Networking and regional feeling through art-land game

Bröckel
©blumebild.com/Blume, Hubertus Blume
©blumebild.com/Blume, Hubertus Blume
©blumebild.com/Blume, Hubertus Blume
©blumebild.com/Blume, Hubertus Blume
©blumebild.com/Blume, Hubertus Blume
©blumebild.com/Blume, Hubertus Blume
©blumebild.com/Blume, Hubertus Blume
©blumebild.com/Blume, Hubertus Blume
©blumebild.com/Blume, Hubertus Blume
©blumebild.com/Blume, Hubertus Blume
©blumebild.com/Blume, Hubertus Blume

Once a year the art and culture metropolis of the region is called Bröckel. On the second weekend after Whitsun, the joint municipality of Flotwedel in the district of Celle is always on its feet.
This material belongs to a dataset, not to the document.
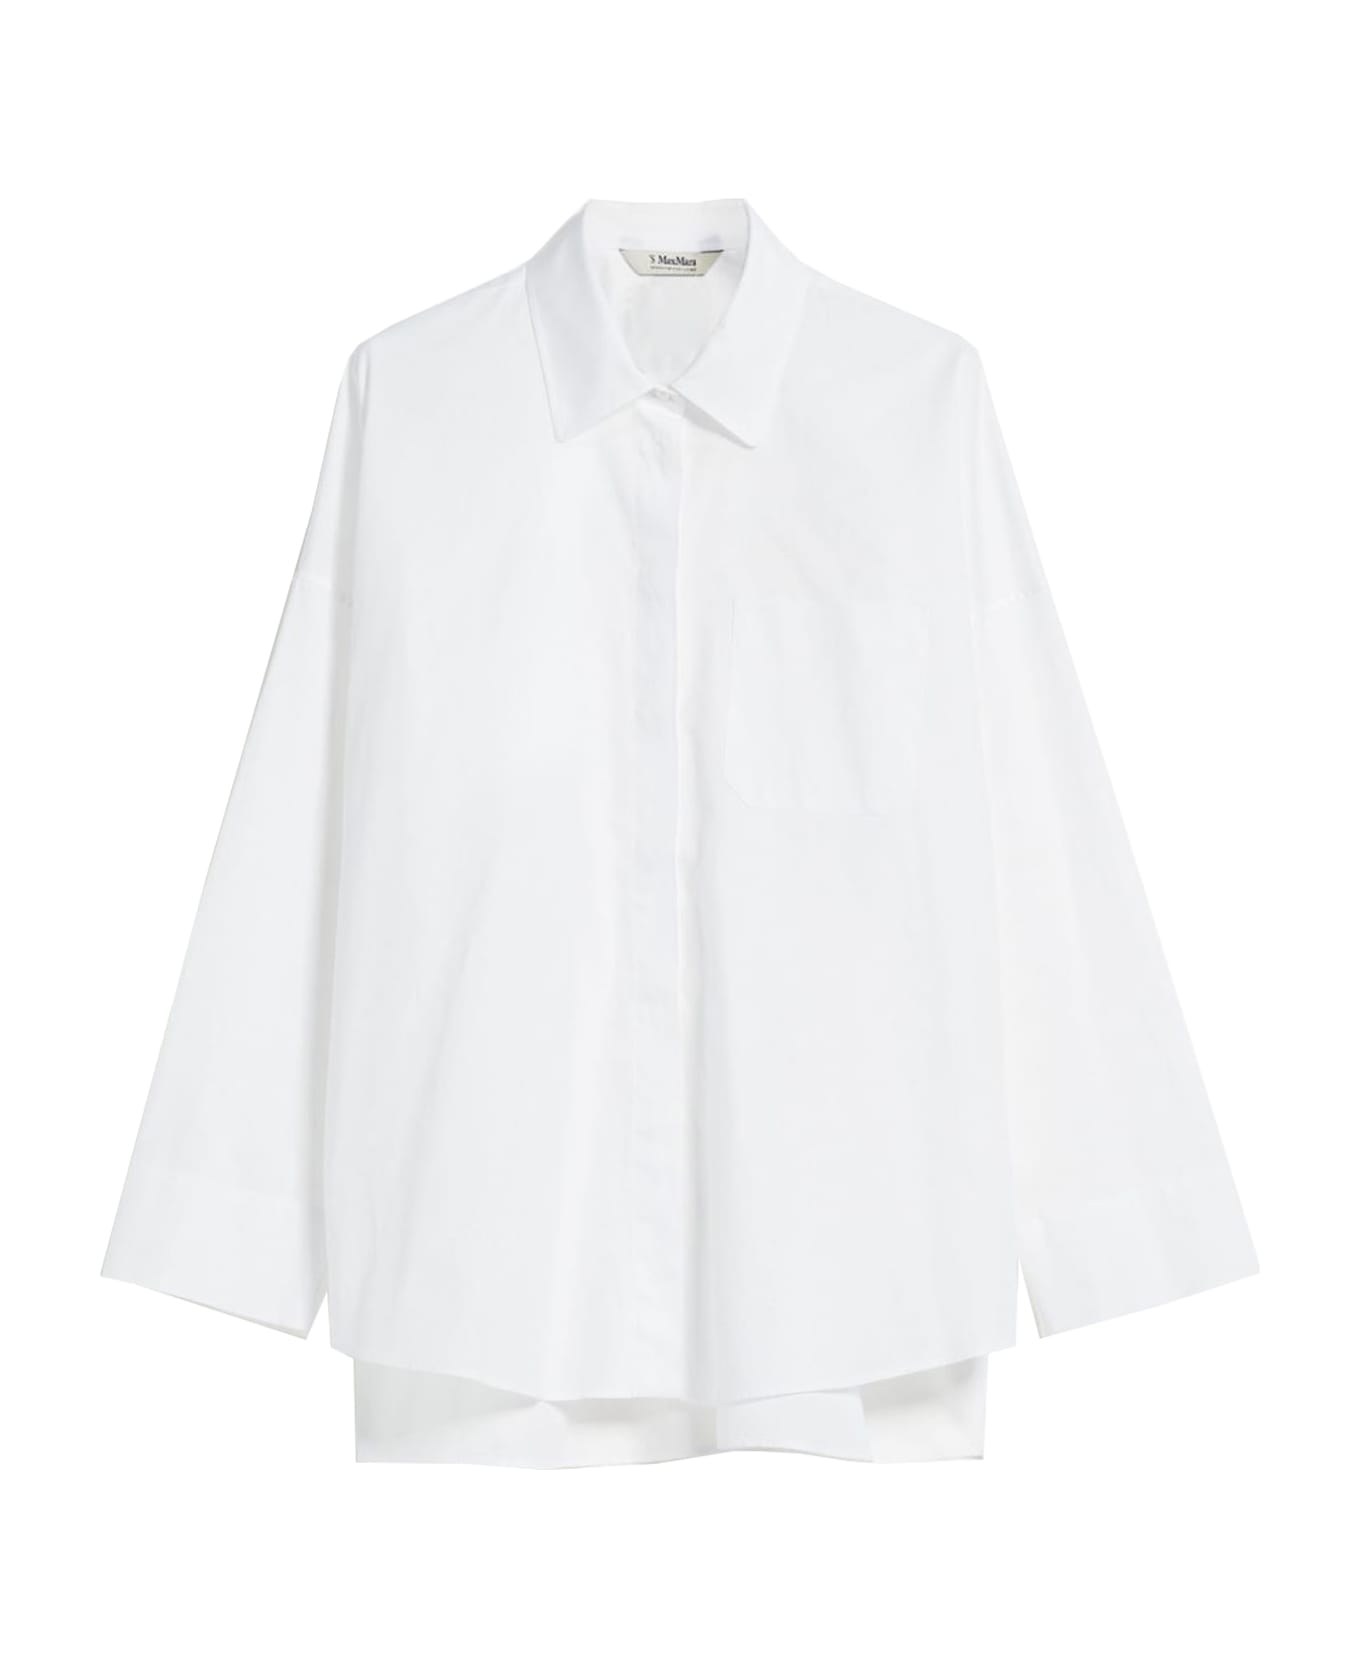 'S Max Mara Lodola Shirt - White シャツ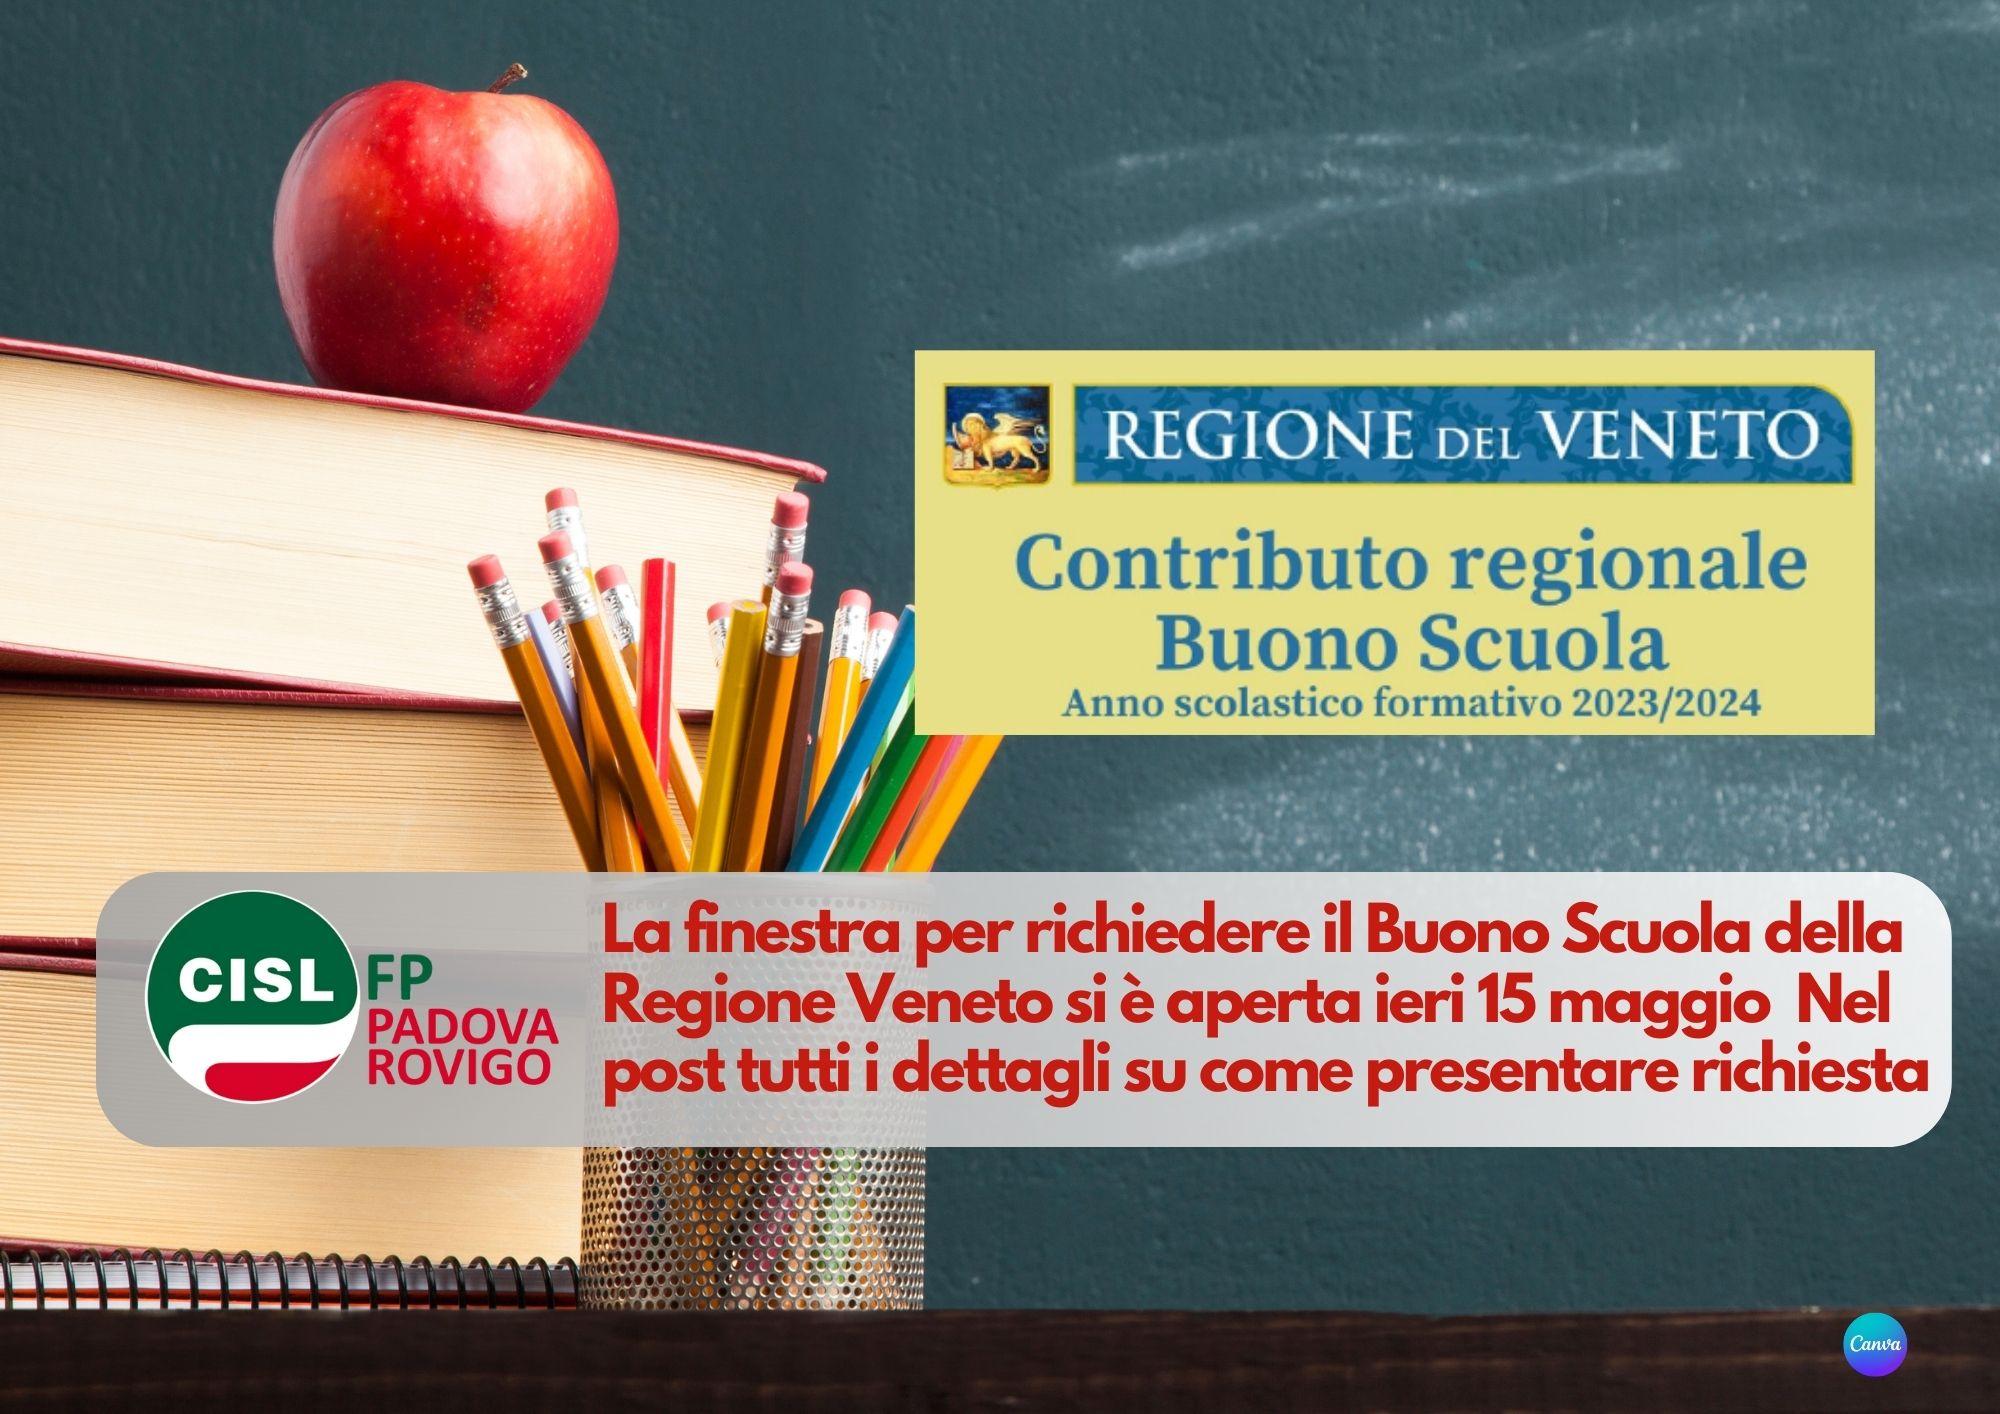 CISL FP Padova Rovigo. Contributo regionale Veneto "Buono Scuola". Come e quando richiederlo

Everyone gets involved. Villages network. Stables turn into galleries, courtyards into sculpture parks, barns into museums. Art spaces are in lively exchange, even international contacts are growing.
 

Without a political message, but with ideas, a growing pool of artists and an annually increasing number of visitors, FlotART is drawing ever larger circles - almost like the "little sister of Wendland's Cultural Country Tour". Every year, courtyards, barns, gardens and magical places in Celle Land invite visitors to a festival of art and design, to touch and participate. Red and orange fingers point the way for guests of this major cultural event, also into the park of the Cistercian monastery Wienhausen. The Weilheim artist Beate Oehmann calls her installation "Fahnenflucht" (flag departures) - a new challenge after the design fair in Milan. The oversized, garishly fluttering flags conjure up completely new lines of sight in the peaceful park. One looks irritatedly into treetops and water pictures. It is Sunday. The bell of the St. Marien church in Wienhausen rings brightly and the sun jumps over historical cobblestones.

 
FlotART: also a festival for children

Jannis (2) and sister Charlotte (4) from Nienhagen play a cheerful catch in the presence of their parents with a lowered flag. "This is exactly what we imagined", Cornelia Günther, chairwoman of the association FlotART - Kunst und Design im Flotwedel e.V. "Interaktion. Children who reach for the flags." The artist's idea: under the influence of wind and weather, a temporary work of art with its own dynamics is created. Sometimes it seems poetic in the wind, sometimes threatening in the storm. "A landscape, so 'populated', changes its character," says the artist Beate Oehmann. "At times it becomes a cultural landscape. The flags change the consciousness of space".

 
FlotART: Art to touch

The immersion in new experience spaces, the preoccupation with music, dance and heraldry is also part of the interdisciplinary educational program that accompanies the installation. "Together with the family centre KESS Wienhausen, we offer creative art participation activities," says Cornelia Günther. "All in the spirit of FlotART. Art to touch, not art behind glass and stainless steel".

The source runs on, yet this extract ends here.